In comments I was asked to write about yesterday’s elections in Germany. But I find it difficult to describe my country from its inside. There are already good reviews available and Conor Gallagher at Naked Capitalism has done a great job with this one which I highly recommend to read:
Germany Holds an Election in an Alternate Reality – Naked Capitalism, Feb 24 2025
In the alternate reality of German politics the U.S. is a friend. It did not blow up the Nord Stream pipeline and it did nothing to provoke the proxy war with Russia. In the alternate reality the Weakness in the German Manufacturing Sector has not been caused by it.
In the alternate reality it is all about ‘values’.
The legendary writer Billmon had named his blog Whiskey Bar. It was a reference to the Alabama Song by Berthold Brecht. When Billmon closed the comments at his site I opened this blog as an alternative.

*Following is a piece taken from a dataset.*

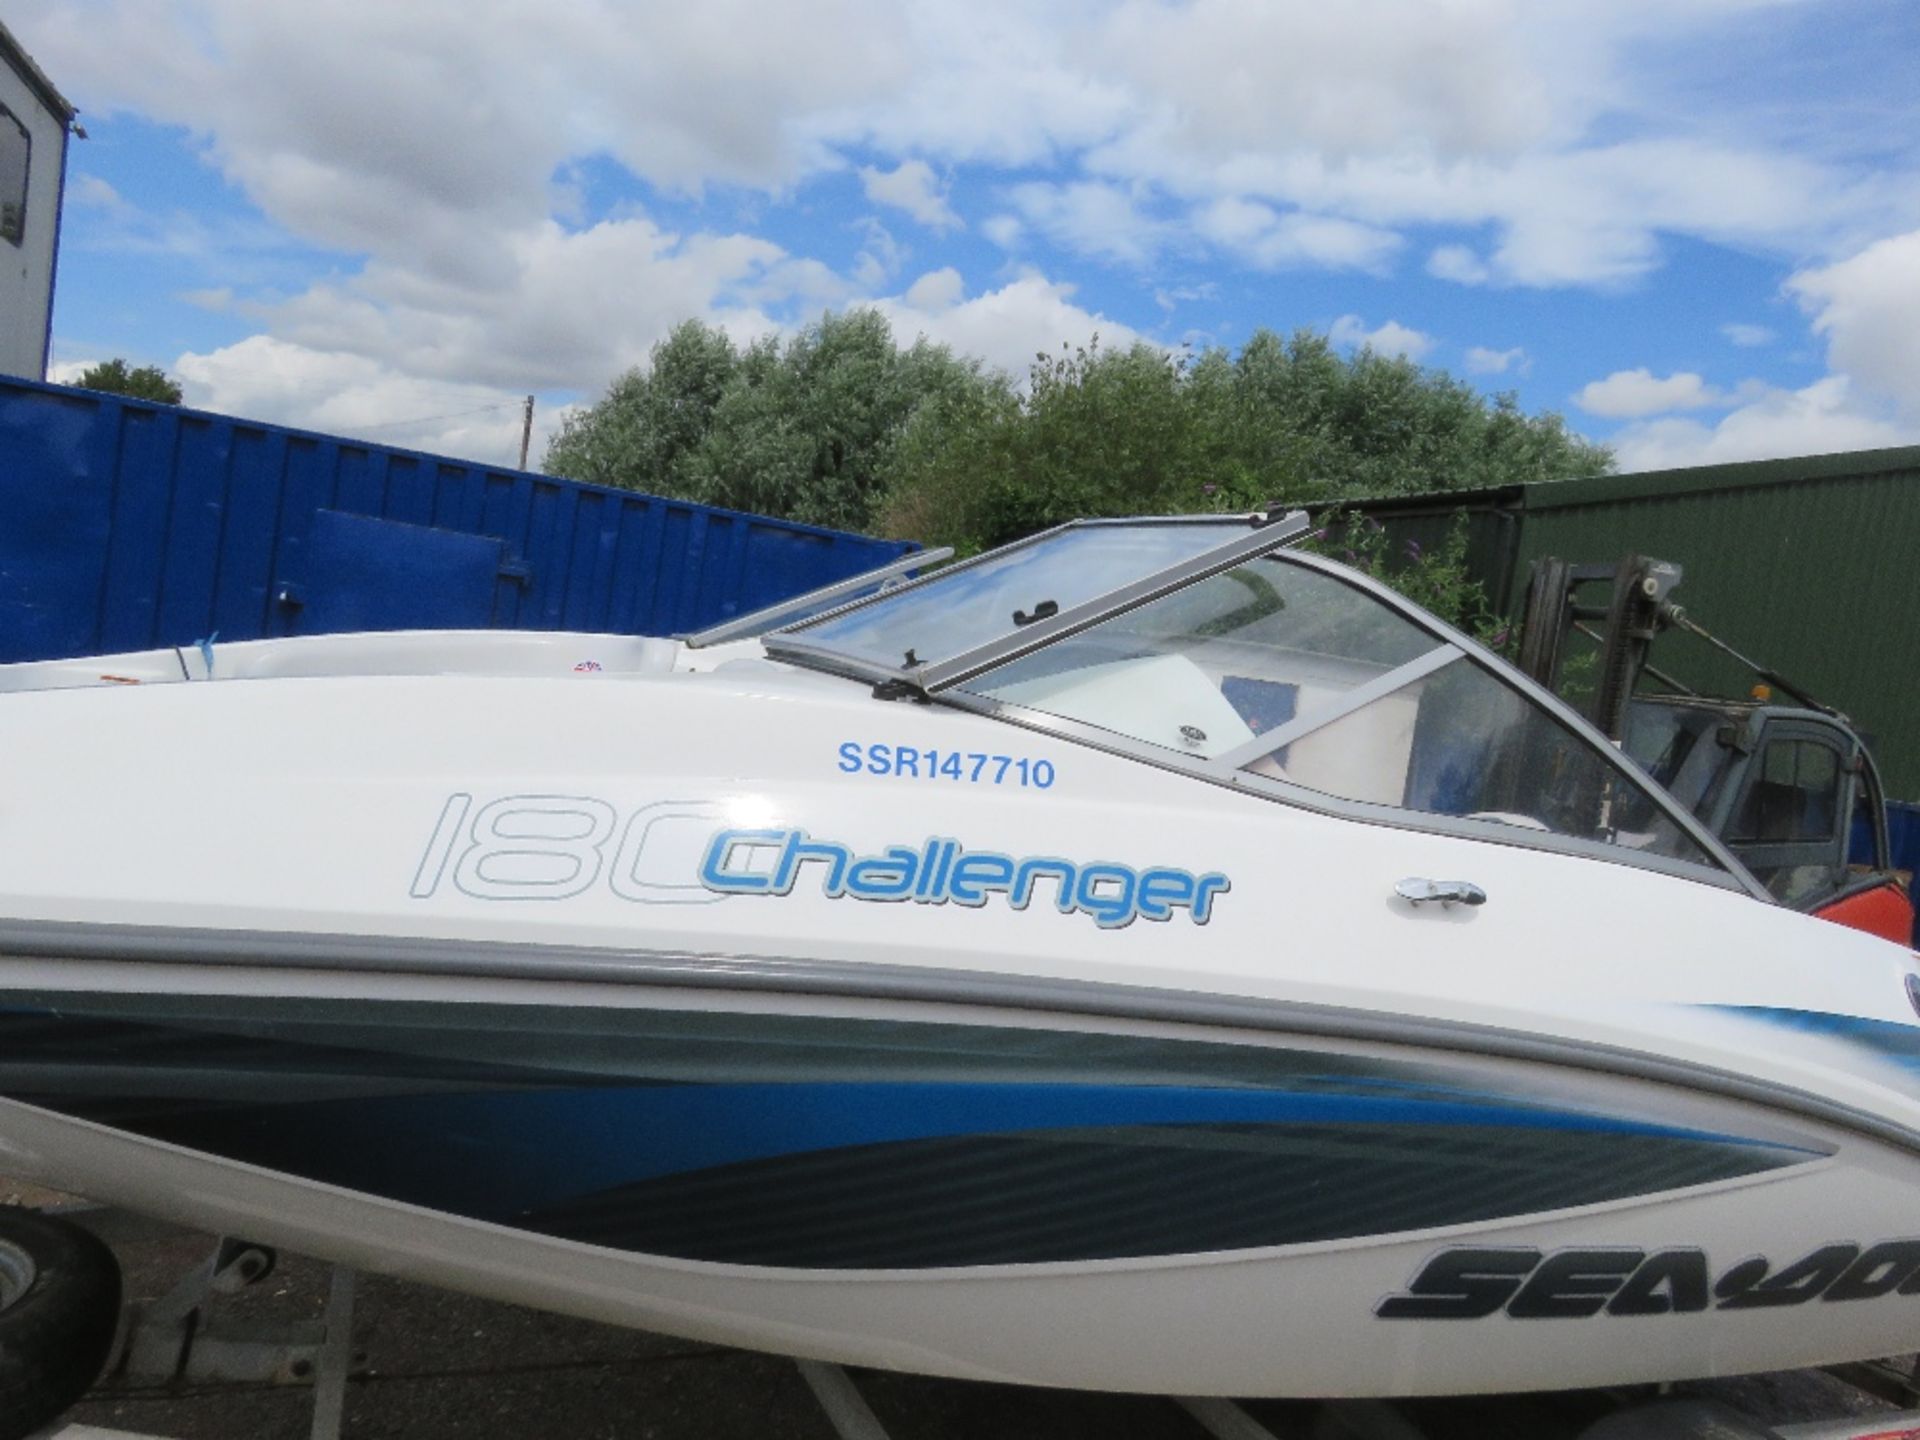 ON SALE!!!...SEADOO CHALLENGER 180 JET BOAT ON TRAILER. POWERED BY ROTAX 215HP 4-TEC ENGINE - Image 4 of 23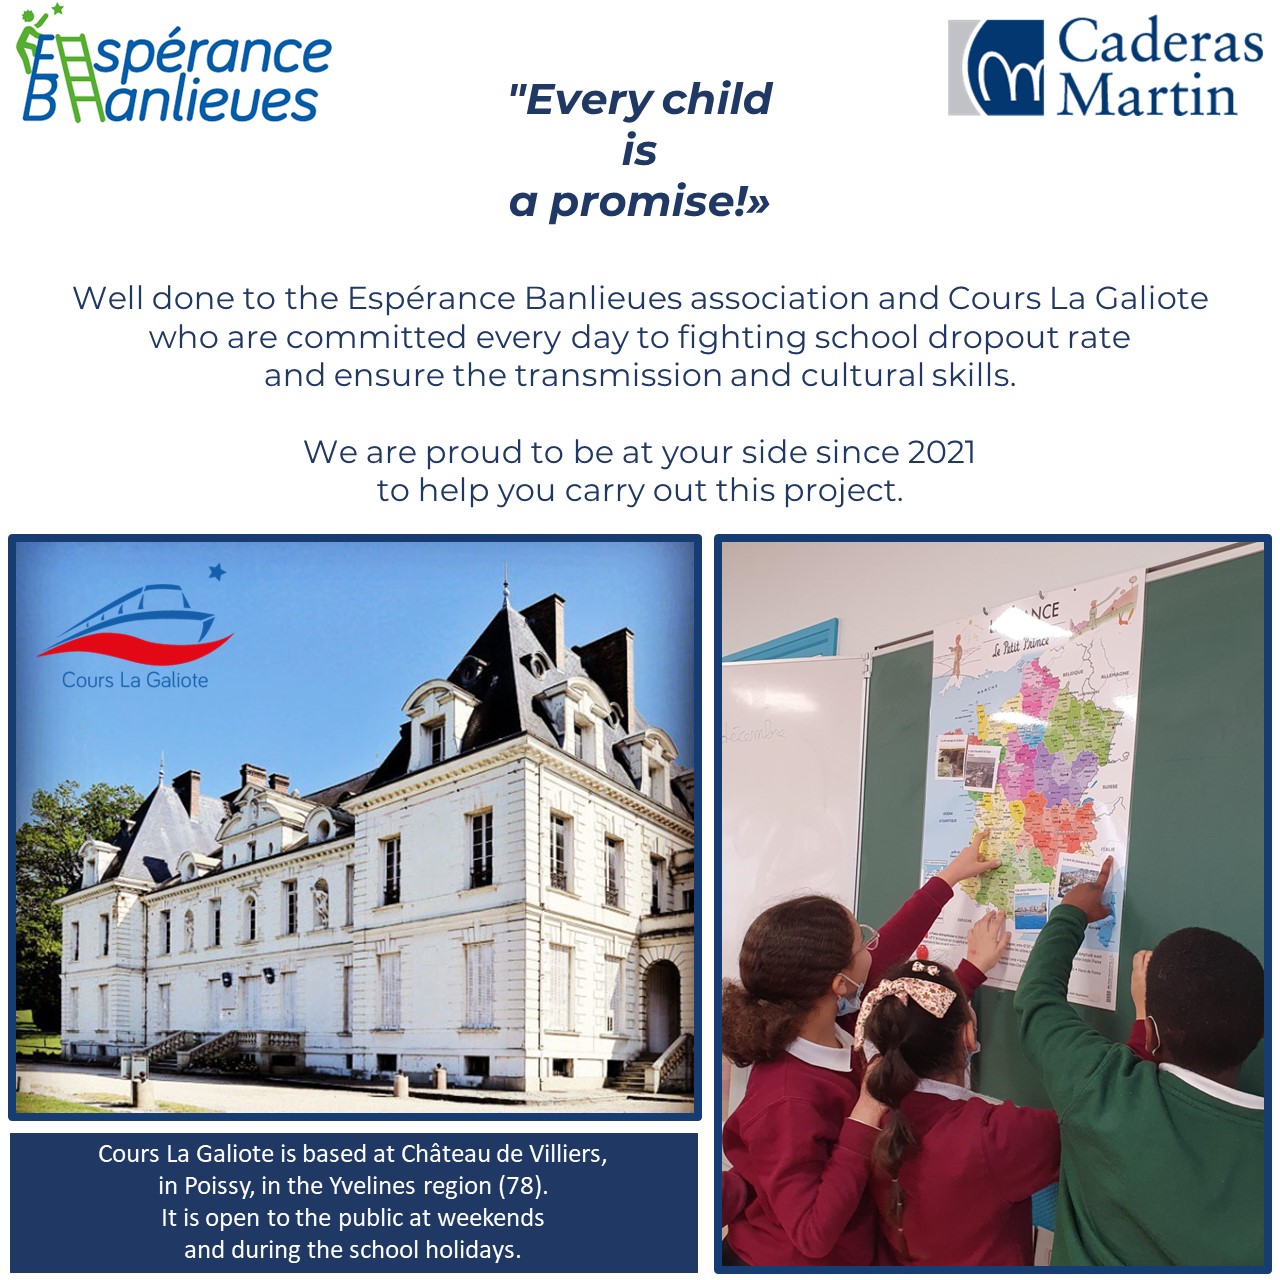 Esperance Banlieues association: Caderas Martin has renewed its support for Cours La Galiote since 2021.

I named it Moon of Alabama in reference to the chorus of that song.
The German election has brought another Brecht opera to my mind.
Living in their alternate reality the ruling parties in Germany have forgotten that “Fressen” (Engl.: guzzling, seizure, scoring) comes before “Moral” (Engl.: ethics, morale, values).
The voters have honored that by looking and voting for ‘alternatives’:
Berhold Brecht, Dreigroschenoper, NR. 15. ZWEITES DREIGROSCHEN-FINALE.
MAC – Ihr Herrn, die ihr uns lehrt, wie man brav leben Und Sünd’ und Missetat vermeiden kann, Zuerst müßt ihr uns was zu fressen geben, Dann könnt ihr reden: Damit fängt es an.
Ihr, die ihr euren Wanst und uns’re Bravheit liebt, Das eine wisset ein für allemal: Wie ihr es immer dreht und wie ihr’s immer schiebt, Erst kommt das Fressen, dann kommt die Moral.
Erst muß es möglich sein auch armen Leuten, Vom großen Brotlaib sich ihr Teil zu schneiden.
HINTER DER SZENE – Denn wovon lebt der Mensch?
Berhold Brecht, Three-Penny Opera, 15th ACT, II FINALE
M. – You gentlemen preach to us that honesty is the best policy. Stay clear of sin and crookedness, you say. First tell us how to fill our stomachs, then you can talk, that’s how to begin.
You who have a great time getting fat while we stay honest, learn a lesson, once and for all; no matter how you twist and turn, no matter what you’re shooting at, first come the eats and then the moralizing.
First the people who have nothing must get a slice of your loaf of bread.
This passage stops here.